Perhaps you’ve noticed: The seasons don’t behave like they used to. The weather is hotter and colder and increasingly out of order. The familiar has become distressingly unfamiliar.
What better way to convey this operatically than through the ultrafamiliar seasonal music of Vivaldi? This is the clever idea of the playwright Sarah Ruhl and the countertenor Anthony Roth Costanzo. Their show “The Seasons” scrambles Vivaldi’s “The Four Seasons,” combined with some of this Baroque composer’s weather-related arias and choral works, then supplies new words by Ruhl to tell a story about climate crisis today.
After its premiere at Boston Lyric Opera in March, “The Seasons” had a debut on Friday at Opera Philadelphia, where Costanzo is the general director. To help evoke weather, he and Ruhl gathered a strong cast of singers and starry collaborators, including the set designer Mimi Lien, the choreographer Pam Tanowitz and the director Zack Winokur. The result, though, is too much like what it seeks to represent: intermittently thrilling but ultimately a jumble.
Ruhl’s story follows five artists who gather at a country retreat to learn from nature. As can happen at artist colonies, they pair off quickly. The Poet (Costanzo) falls in love with the Painter (Kangmin Justin Kim), while the Choreographer (Megan Moore) hits it off with their host, an actress turned farmer (Abigail Raiford). Also present are the Performance Artist (Whitney Morrison) and the more allegorical figure of the Cosmic Weatherman (John Mburu). The weather tosses their stories around, especially after all hell breaks loose in the second act.
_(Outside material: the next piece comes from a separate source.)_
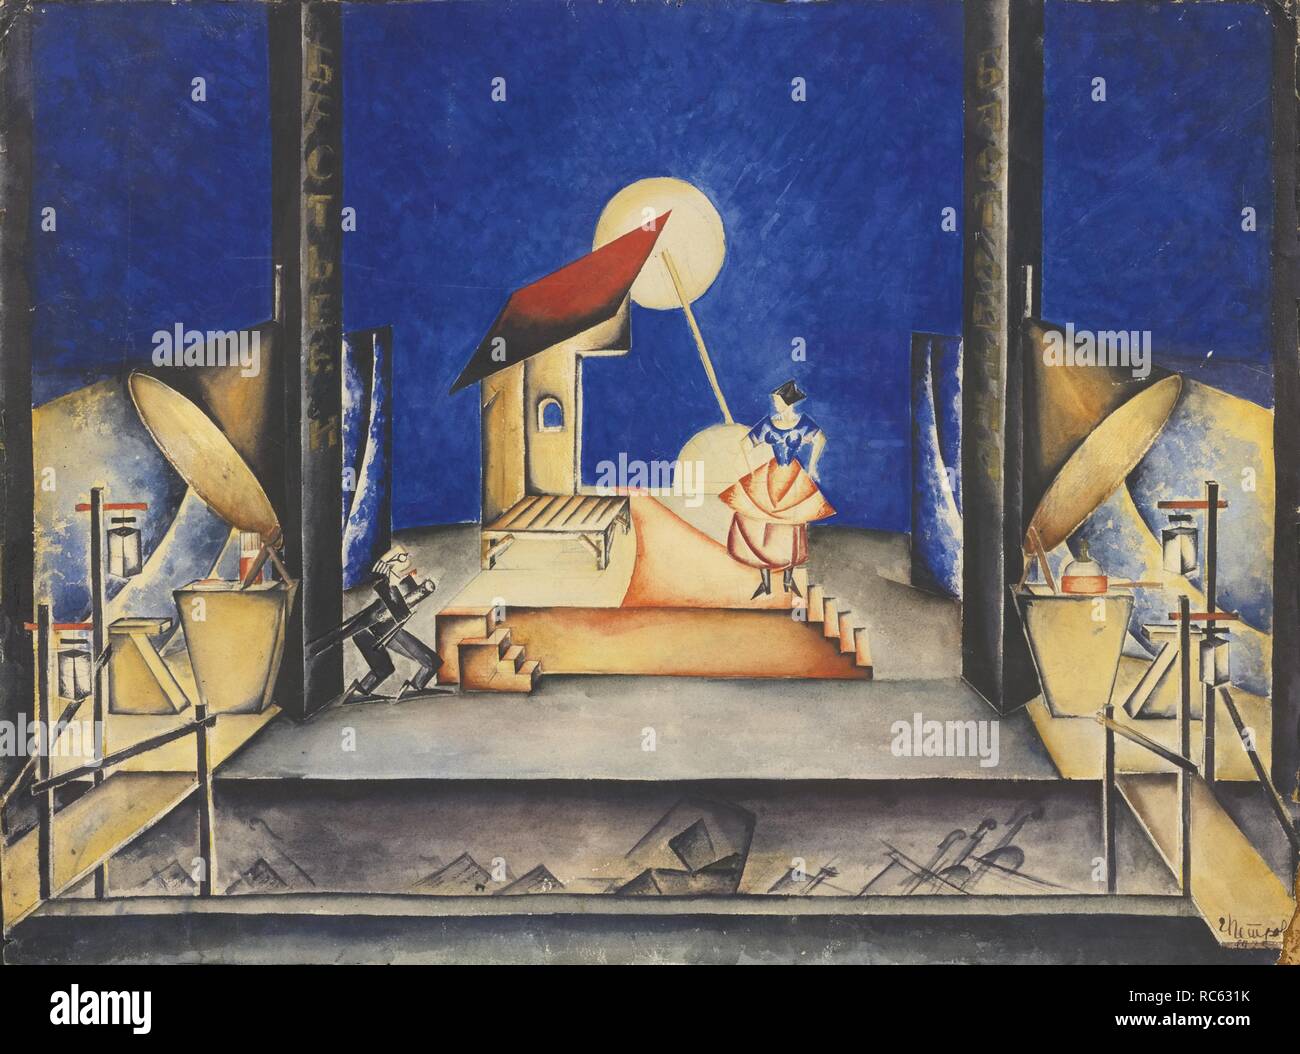 Stage design for the Opera 'Bastien und Bastienne' by W. A. Mozart. Museum: PRIVATE COLLECTION. Author: Petrova-Troitskaya, Ekaterina. Stock Photo

We meet the Weatherman first. In his stentorian bass, Mburu addresses the audience directly, reminding everyone of their duty to the world and exhorting them to wake up and fight. How little we listen to such messages seems to be the main point of the largely satirical first act. The Farmer amusingly prattles about nature while preparing a salad on social media. The Poet, complaining in song about a breakup, mopes until he forces himself on the Painter; their romance and lovers’ spats come off as juvenile.
To express their emotional weather, they have arias (sung in Ruhl’s English and Italian or Latin). To express external weather, the production uses dancers and soap suds. Lien, working with the bubble design technologist Jack Forman, magically conjures snow, rain, smoke and ice. Fire, less vividly, is largely the province of John Torres’ lighting.
This aspect of the production works best at the end of Act I, when the Poet is caught in a blizzard and nearly freezes to death. Bubble machines fill the air with snow, cold light sweeps through, and as Costanzo sings the “Farnace” aria “Gelido in ogni vena” in his smallest voice, you can’t help but feel the chill.
There are no dancers in that scene. They are excellent, but the production struggles to integrate them effectively. The choreography evokes spring in the manner of Mark Morris doing Isadora Duncan, with flowy, Botticellian figures. Tanowitz slips in some signature quirks like twitchy feet, and she complements the music, as when the Choreographer’s mournful “Vedrò con mio diletto” is accompanied by the dancing of Maggie Cloud, whose twisting balances express an idea from one the Poet’s projected haiku: that even the trees bend with yearning. Cloud, personifying nature, shrugs.
But Tanowitz, master of beauty and wit, doesn’t really do elemental, and even with the presto drive of Vivaldi’s “Summer,” the choreography fails to convey the extreme weather of Act II. It doesn’t help that Corrado Rovaris’s conducting is on the tame side, and that the voices (all countertenors and sopranos, apart from Mburu) cluster in the thinner air of upper registers. “The Seasons” wants for weight.
Lacking a conventional set, the production is packed with wonderful set pieces: the vocal acrobatics of the Performance Artist’s “In furore iustissimae irae,” the forceful cri de coeur of the Weatherman’s “Or più tremar non voglio.” The flute soloist Emi Ferguson is most remarkable of all. Carried around by the dancers as she plays magnificently, she looks calm and graceful enough to be a dancer pretending to play the flute. Yet the pieces don’t quite add up.
Ruhl has much to say about the difficulty of making people pay attention to the climate crisis and the equivocal role of artists. The Poet laments the practical powerless of poetry, and the unheeded Weatherman complains about how music soothes us and makes us forget. “The Seasons” is better at soothing us than waking us up, but it does try to warn us.
During a final section that you need to read the synopsis to understand, the Commonwealth Youth Choir arrives. Picking up the castoff garments of the adults, they walk forward singing about peace on Earth. They do not look ready to inherit it.
The Seasons
Performed at the Perelman Theater in Philadelphia.